Dinesh Lal Yadav (born 2 February 1979), popularly known as Nirahua meaning thereby one who keeps the honour of Sindur (Vermillion, i.e., an abiding and truthful husband, is an Indian actor, singer, producer and politician associated with Bhojpuri-language films. He is among the most successful Bhojpuri actors, with successive five box office successes released in 2015.   He owns the production house Nirahua Entertainment Pvt Ltd. Dinesh Lal Yadav was a contestant on Bigg Boss 6 in 2012.

Nirahua, who belongs to a famous Biraha family of Ghazipur, started his career as a Biraha singer. He made his debut as a singer in the music album Nirahua Satal rahe (2003) which became superhit and gave him early recognition and his screen name "Nirahua". He made his film debut in the Bhojpuri drama Humka Aisa Waisa Na Samjha (2006), and gained more popularity with his roles in Chalat Mushafir Moh Liyo Re (2006), Nirahuwa Rikshaw Wala (2008) and Pratigya (2008). His other works during this period include Parivaar (2008), Rangeela Babu (2009), Nirahua No. 1 (2009), Saat Saheliyan (2010).

In 2012, He worked with Amitabh Bachchan and Jaya Bachchan in his movie Ganga Devi, he also appeared as a contestant in Bigg Boss 6 that year. Nirahua Hindustani (2014), his fiftieth film was a big hit and also made it to the Multiplexes. He also did patriotic films like Patna Se Pakistan (2015) and Border (2018) which are one of the highest grossing Bhojpuri movies of all time. His Nirahua Chalal London (2019) is the first Bhojpuri movie shot in London and outside Indian subcontinent. In 2019, He also made his debut on OTT platforms, by playing the role of police officer in the web series Hero Vardiwala, which was also the first ever web series made in Bhojpuri language.

Early life 
Nirahua was born to Kumar Yadav and Chandrajyoti Yadav. He has a brother, Pravesh Lal Yadav, and a sister, Lalita Yadav.

He spent most of his childhood days in "Belghoria" at 4 no. railway gate (Agarpara) area of Kolkata where his father worked in a factory. He completed his education in the same suburbs of Kolkata.

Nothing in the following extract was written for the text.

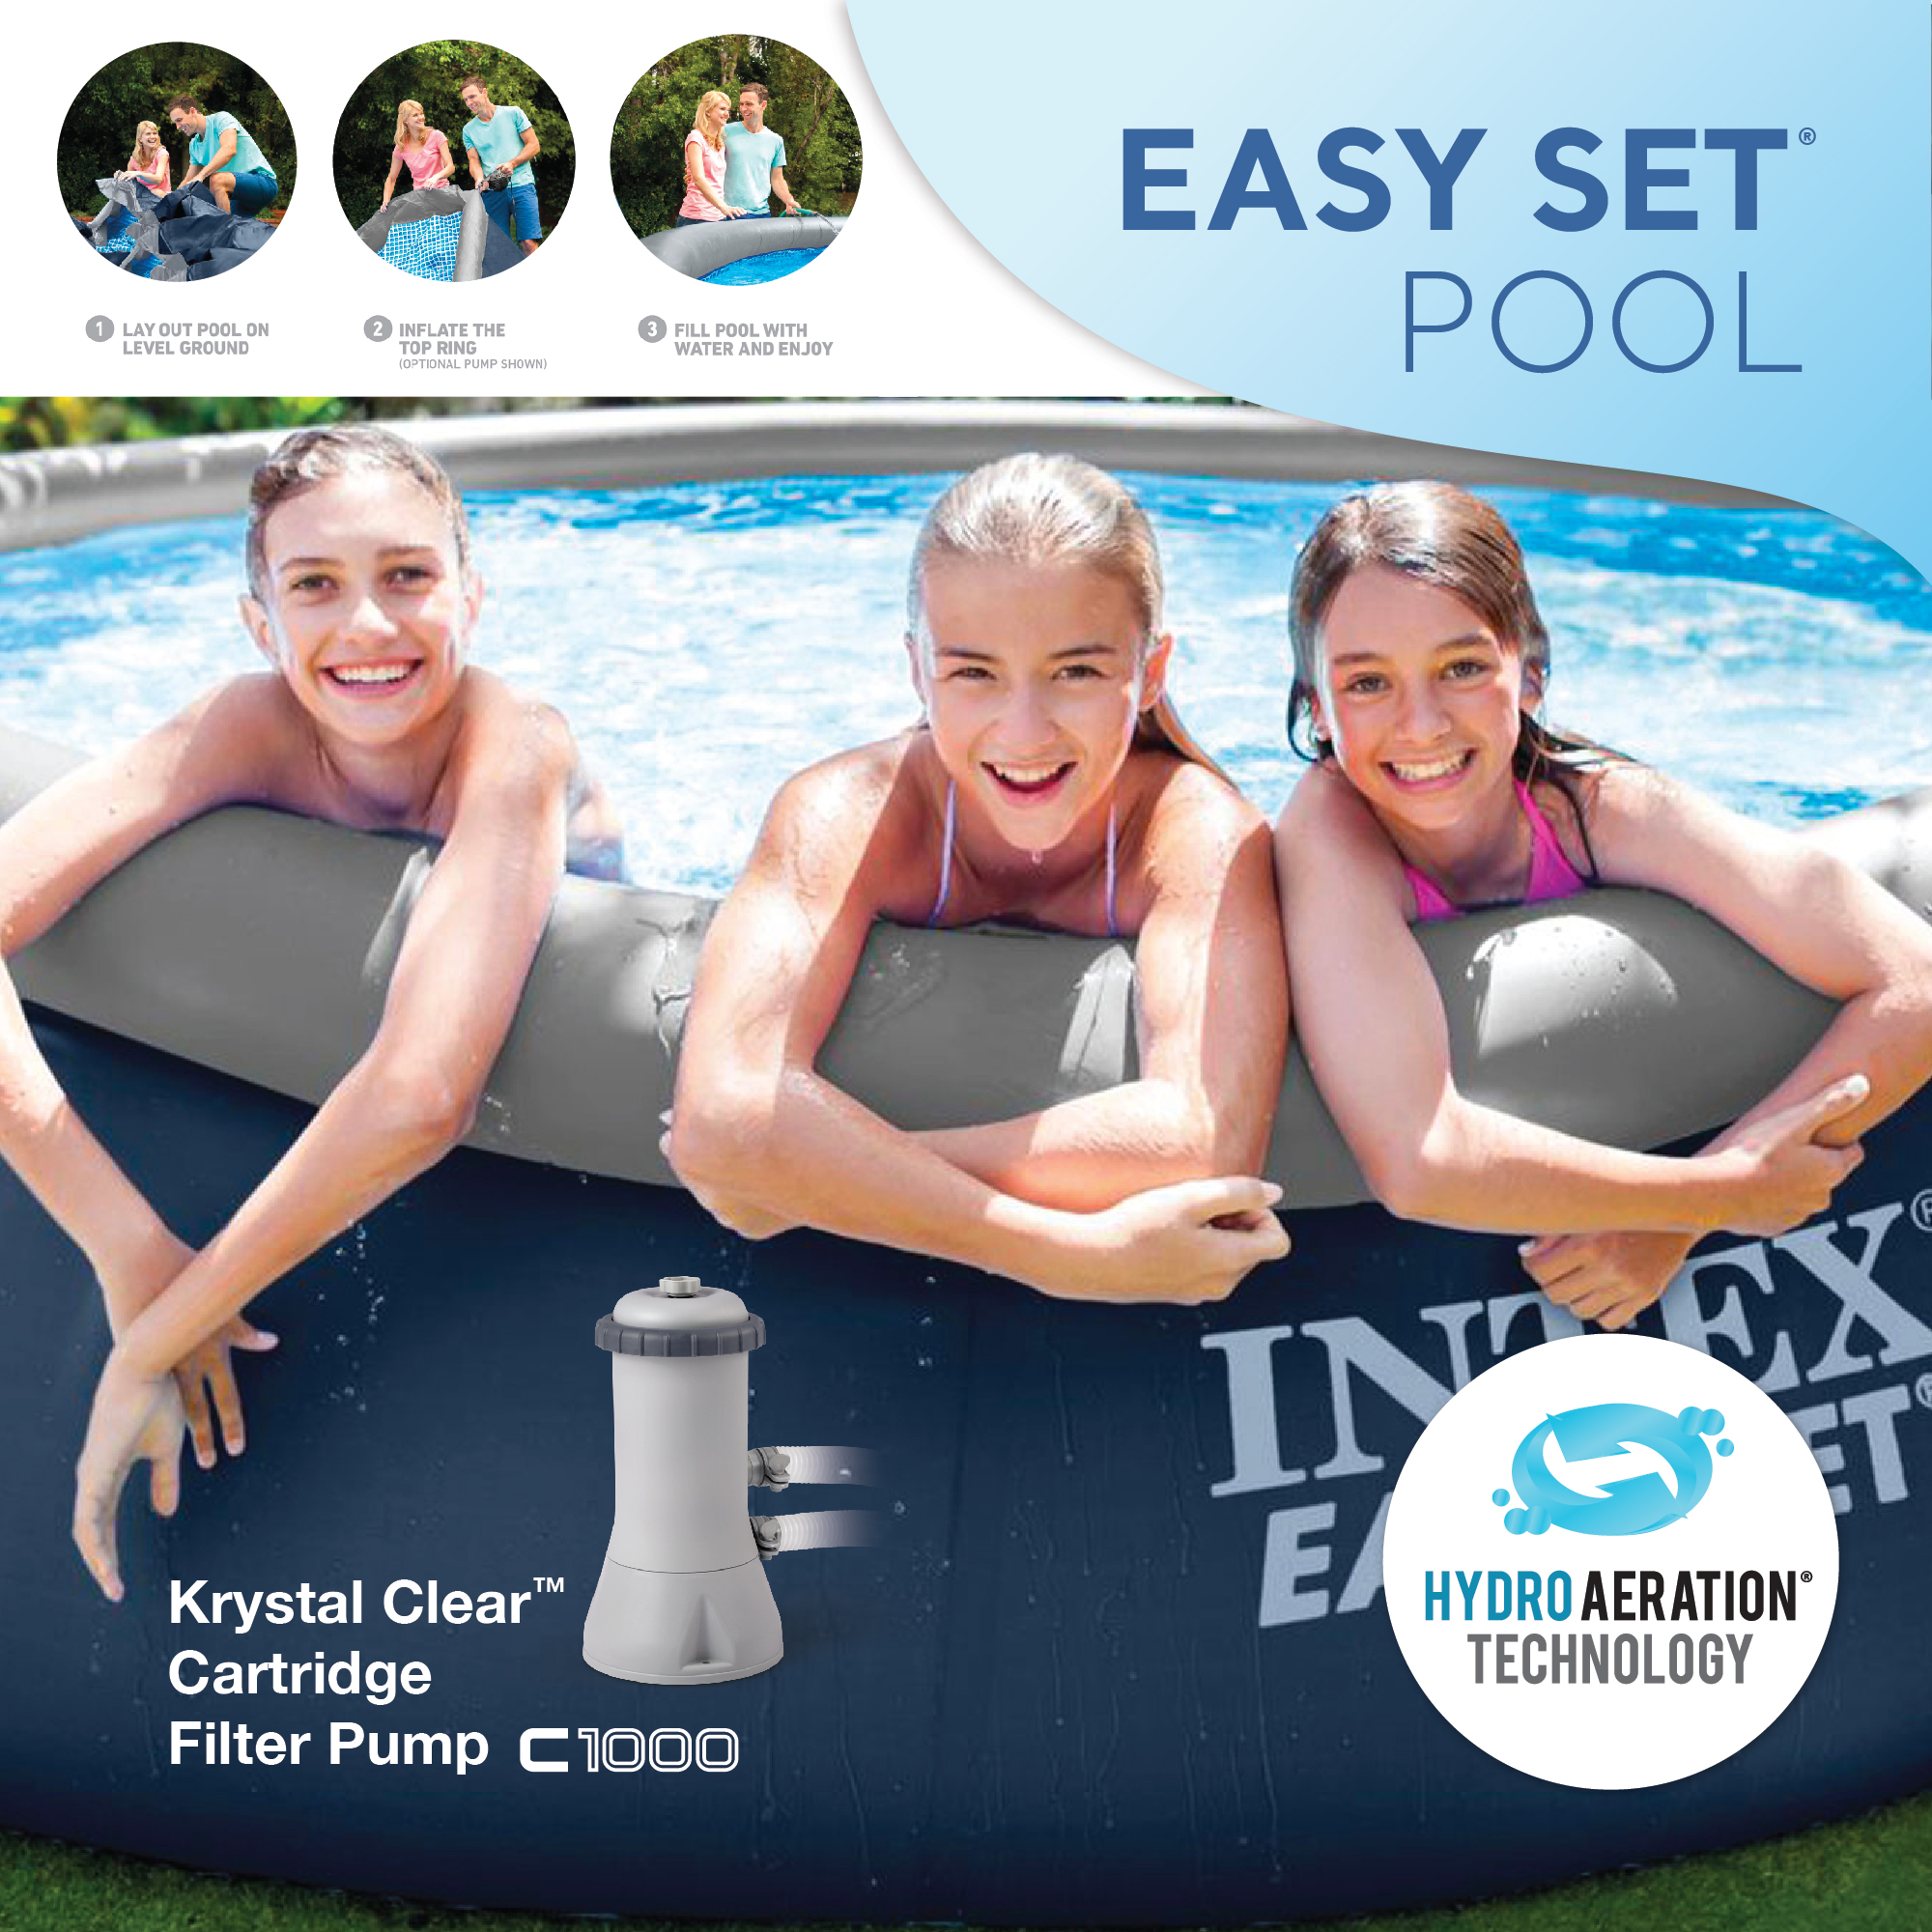 Intex Easy Set 15' x 42" Inflatable Outdoor Above Ground Swimming Pool Set - image 4 of 11

He comes from a family of famous Biraha folk singers hailing from Ghazipur. Famous Biraha singer Vijay Lal Yadav known as "Biraha Samrat" and writer and lyricist Pyare Lal Yadav (Kaviji) who has penned many songs in Bhojpuri cinema, are his first cousins.

Acting career

Early hits and establishment (2006–2011) 
He started his acting career with the Bhojpuri film Humka Aisa Waisa Na Samjha (Don't think that I'm riff-raff) in 2006 in which he played the role of a boy who fights to make Bhojpuri a recognised language in the state. But his first released movie was Chalat Musafir Moh Liyo Re (The traveller has been ensnared) in which he played the supporting role of a police inspector with Kalpana Patowary and Sunil Chhaila Bihari. His third film was Ho Gail Ba Pyar Odhaniya Waali Se (I have fallen in love with a girl wearing stole, 2007). After this film, he received many offers. His next film Nirahua Rikshawala (2007) became a super hit. After the success of his another film titled Kahan Jaiba Raja Najariya Ladaike (2007), he was an established actor in the industry and had got the title "Jublee Star". His another hit movie in 2008 was Lagal Raha Ae Rajaji. His natural acting style, slim body unlike other Bhojpuri actor those days, and action moves due to his Karate training in his childhood, made him so popular among the audience that even his flop films used to run over three weeks. He also did stage shows in Fiji, Australia and New Zealand in 2007.

He continued giving hits likes Pratigya (2008), Pariwaar (2008), Nirahua No. 1 (2009), Saat Saheliyan (2010), Nirahua Chalal Sasural (2011). In a review of his film Aulaad (2011), Times of India wrote that "Dinesh Lal Yadav has live up his role".

TV debut and high budget films (2012–2018) 
In 2012, he appeared in the Bigg Boss as a contestant. His film Ganga Jamuna Saraswati (2012) earned 1.25 crores in just three weeks which highest by any Bhojpuri movie in those times. He acted with Amitabh Bachchan, Jaya Bachchan and Gulshan Grover in the Bhojpuri film Ganga Devi (2012). His fiftieth project Nirahua Hindustani (2014) reached multiplexes. Another of his hit movies was Patna Se Pakistan. In 2016, he received Uttar Pradesh's highest civilian award "Yash Bharti Samman Award" by the Uttar Pradesh Government for this contribution in Bhojpuri films.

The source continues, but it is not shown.